Within months of the passage of the reclamation act, engineers arrived in the Salt River
Valley to survey the lands and possible location of irrigation works. Prior to the construction of
what would become Theodore Roosevelt Dam, the engineers constructed a sixty-mile road through the
rugged Superstition Mountains and the canyons of the Salt River to bring supplies from railhead at
Mesa to the dam site. Building the "Apache Trail" would be one of the most dangerous tasks of the
dam construction process and in its first month of operation, over a million and one half pounds of
freight would be hauled over it. Louis C. Hill, the supervising Reclamation Engineer traveled the
Apache Trail while overseeing construction of the Roosevelt Dam. Built between 1905 and 1911, crews
laid stone from the neighboring canyon walls for the rubble-masonry thick-arch structure which
spanned the Salt River to an original height of 280 feet and crest length of 723 feet, holding back
over 1,300,000 feet of water. Stonemasons cut the upstream and downstream faces of the six to
ten-ton blocks which were laid in a stair step fashion, giving the dam its identifiable appearance.

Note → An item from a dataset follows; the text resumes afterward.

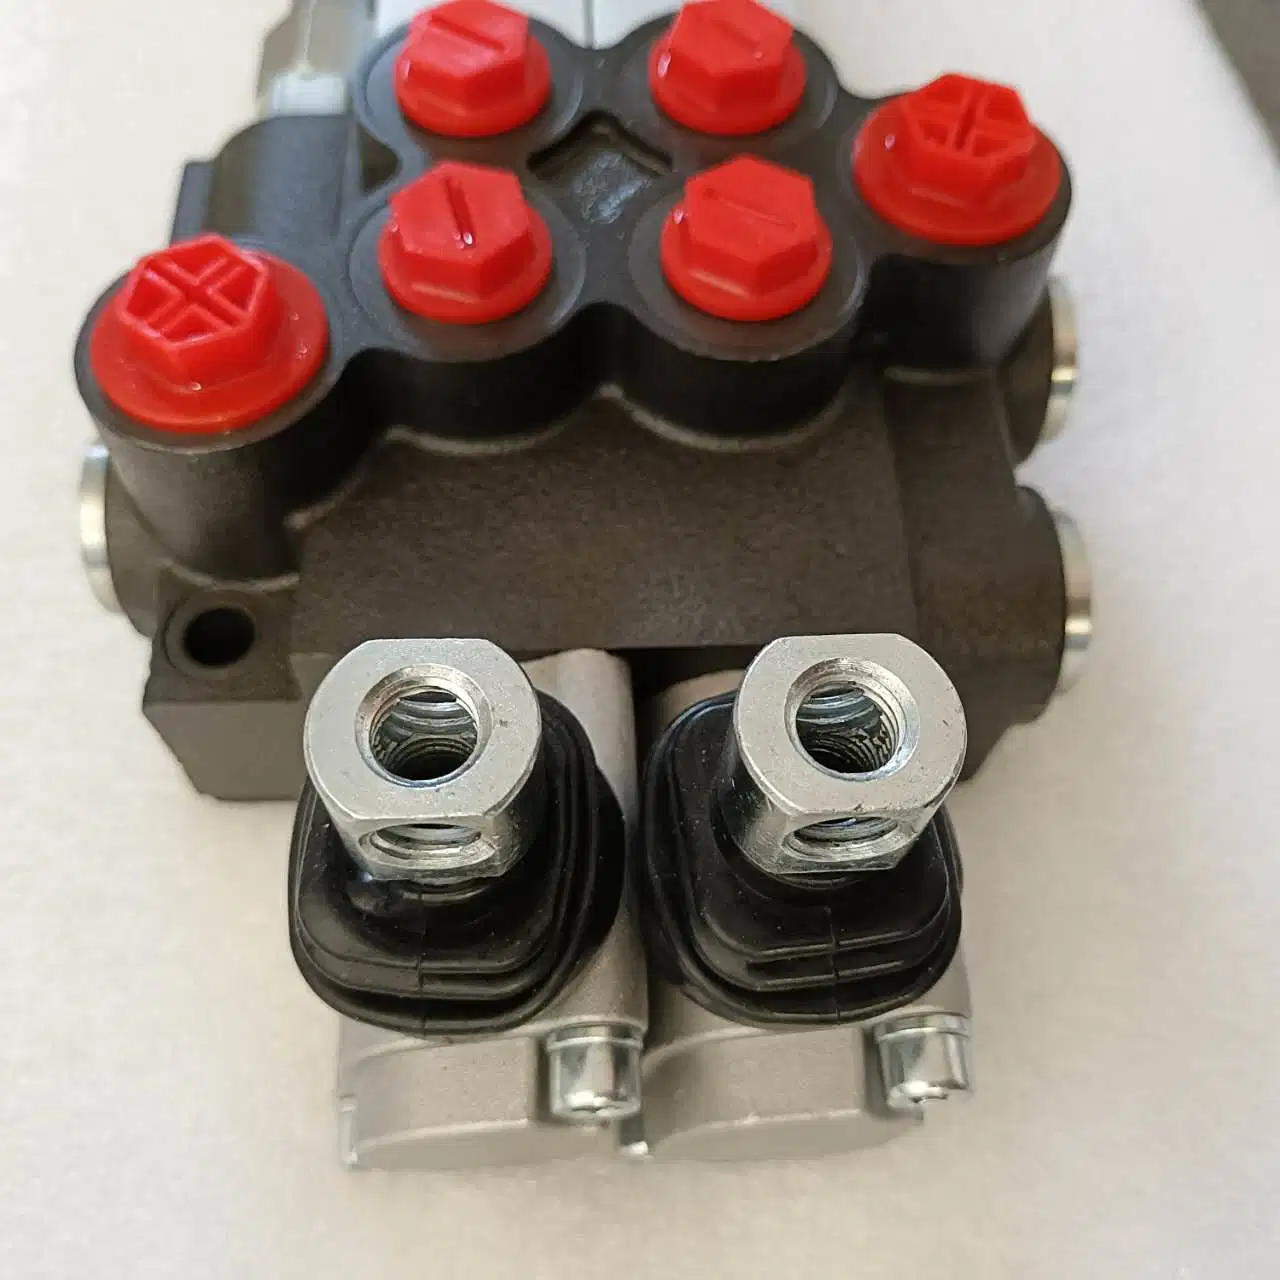 Источники питания серии P40 после параметра P40 электрического и гидравлического клапана управления для санитарных автомобилей

President Theodore Roosevelt attended the dam's dedication, traveling over the Apache Trail,
on March 18, 1911.[5]
Flooding would delay construction at the dam site, but would also lead to the present
configuration of the Salt River Project. The Arizona Dam, just below the confluence of the Salt and
Verde rivers, diverted water to the north side canals, but was prone to damage by floods and in 1905,
a major flood swept down the Salt River. The Arizona Dam was washed away and the farmers north of the
Salt River approached Louis C. Hill for assistance. To unify the lands in the Salt River Valley, the
Reclamation Service constructed the 1,000 foot long Granite Reef Diversion Dam which diverts water
to both the north and south side canals. The federal government purchased many of the existing canals
within the Salt River Project boundaries and built additional ones to bring the waters of the Salt
and Verde rivers to 170,000 acres.
After prolonged conferences on irrigable acreage and repayment costs of the project, Secretary
of the Interior Franklin K. Lane signed over operational control of SRP to the Salt River Valley Water
Users' Association in 1917. Significantly, the September 6, 1917 agreement permitted the Association
to retain the power revenues generated at SRP facilities, thus allowing for its future growth.
Conceived by the Reclamation engineers as a source of electricity for construction of Roosevelt Dam,
power generation developed by a power canal and as part of the dam were in the drawings almost from
the initial plans. During the 1920s, Project management expanded its hydropower installations with
the construction of three additional dams on the Salt River and more lands joined the Association,
bringing its membership up to 242,000 acres.